▸ **Activity**: Set down each line of the material that follows exactly, and leave its pictures out.

▸ **Information shown**:
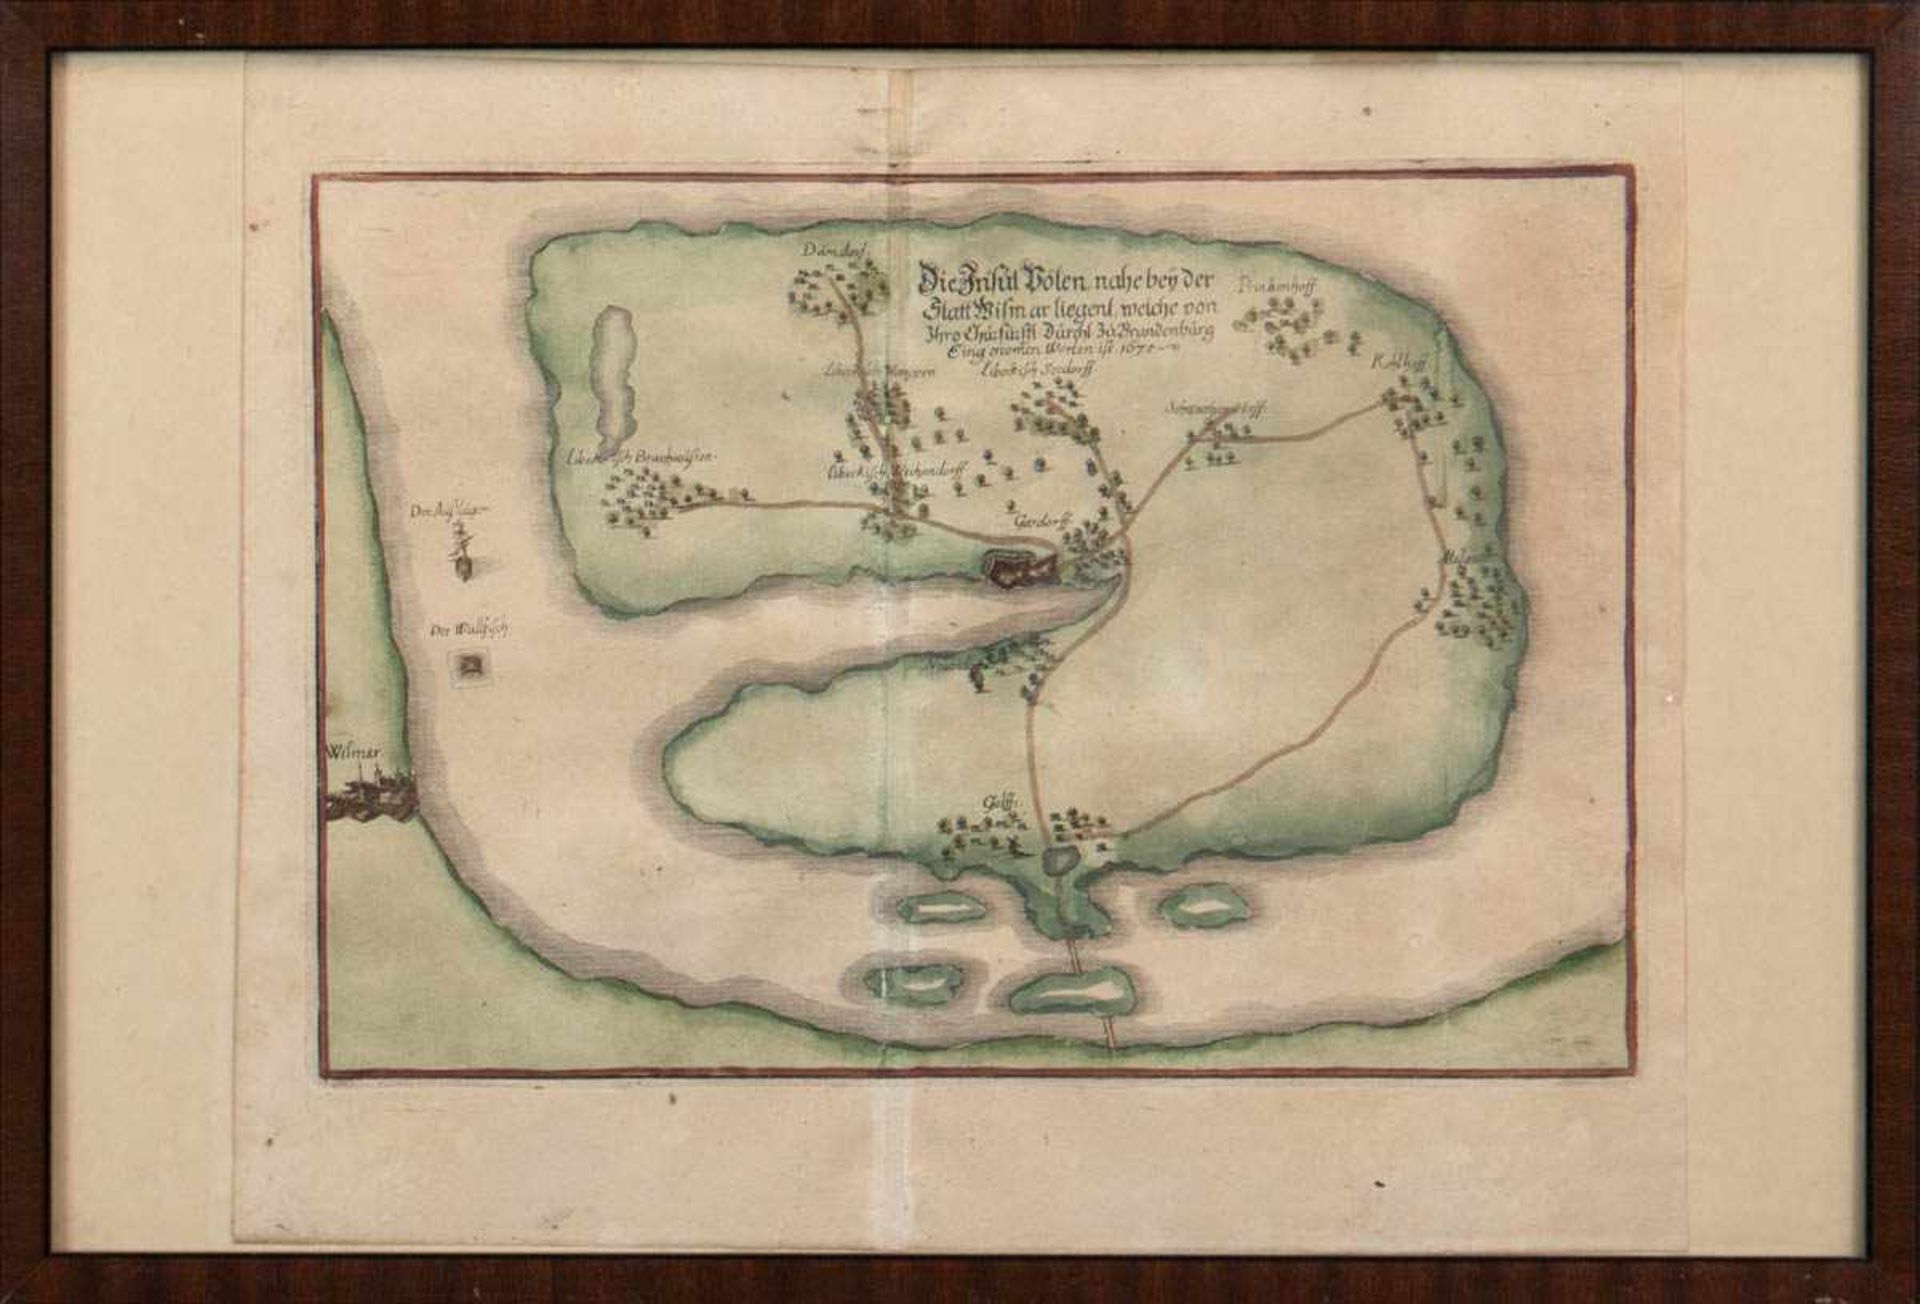 Landkarte "Insel Poel - Die Insul Pölen nahe bey der Statt Wismar liegent, welche von Ihro
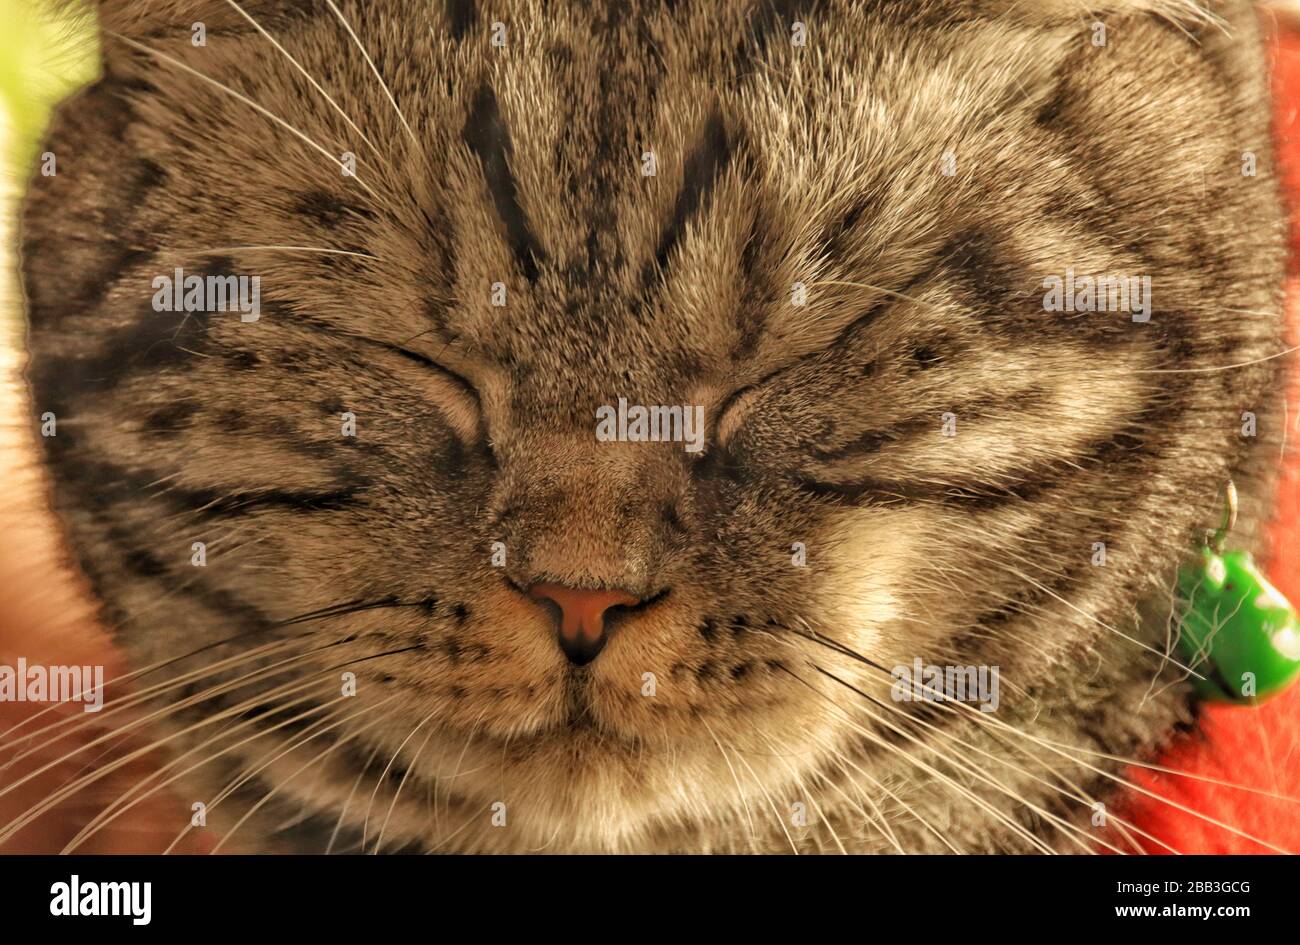 Flauschige und schläfrige gelangweilte Katze während der Hausquarantäne und Selbstisolation aufgrund des globalen Ausbruchs der Kovid-19-Pandemie Stockfoto
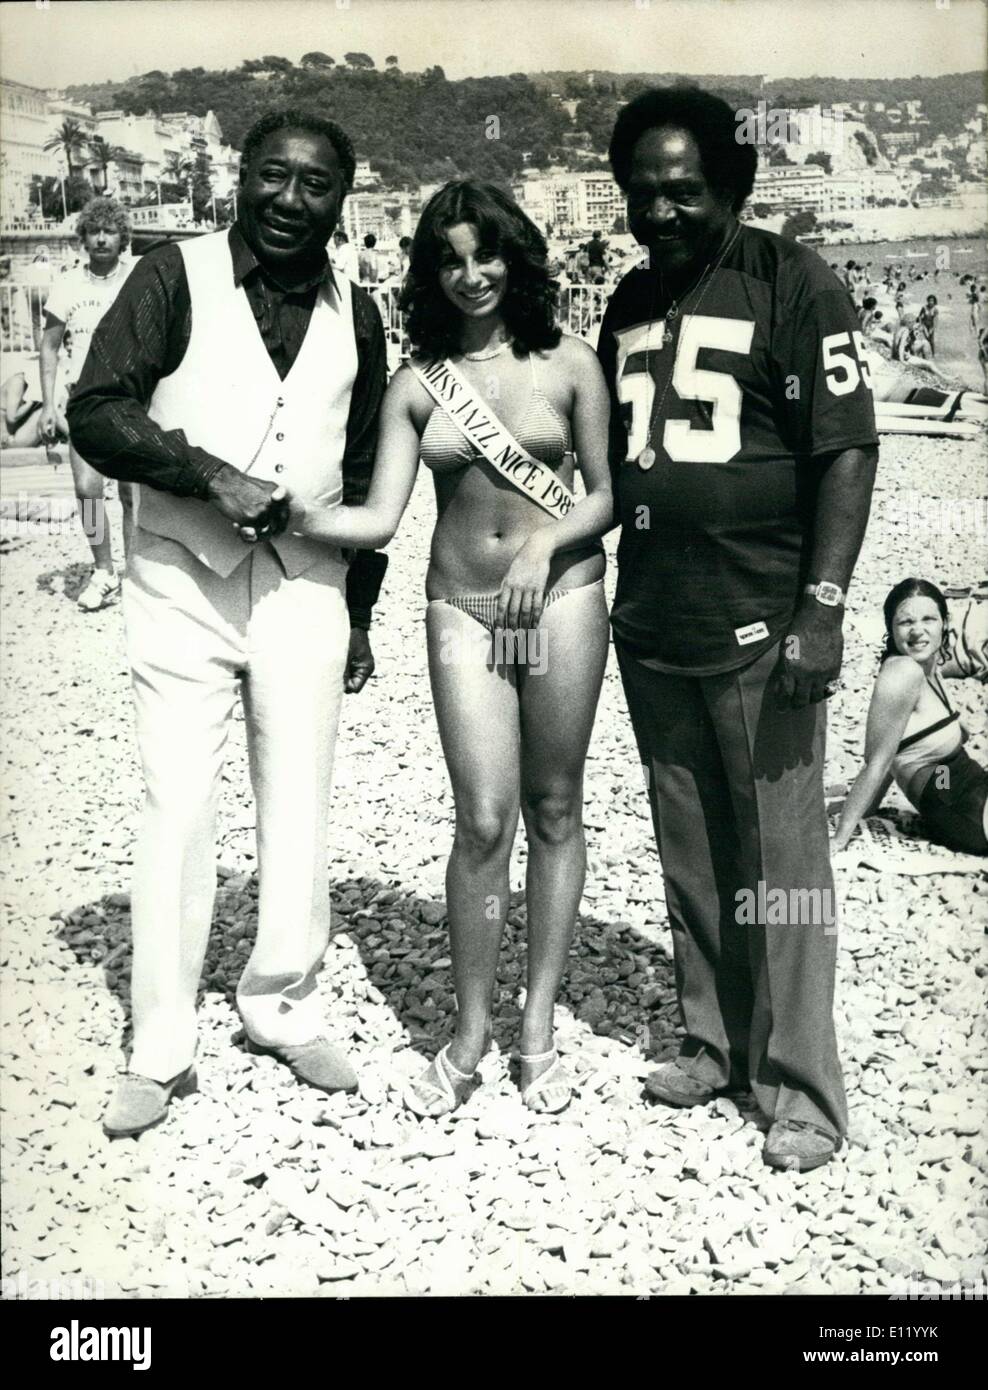 Le 17 janvier, 1981 - 18 ans de la Flore a été nommé ''Miss Jazz'' 1981 à Nice à l'occasion de la Jazz Parade. Elle est photographiée ici sur la plage entre les deux chanteurs Muddy Waters (en blanc) et Jimmy Witherspoon. Banque D'Images

▸ **Solution for this problem**:
 Landkarte "Insel Poel - Die Insul Pölen nahe bey der Statt Wismar liegent, welche von Ihro
 Flauschige und schläfrige gelangweilte Katze während der Hausquarantäne und Selbstisolation aufgrund des globalen Ausbruchs der Kovid-19-Pandemie Stockfoto
 Le 17 janvier, 1981 - 18 ans de la Flore a été nommé ''Miss Jazz'' 1981 à Nice à l'occasion de la Jazz Parade. Elle est photographiée ici sur la plage entre les deux chanteurs Muddy Waters (en blanc) et Jimmy Witherspoon. Banque D'Images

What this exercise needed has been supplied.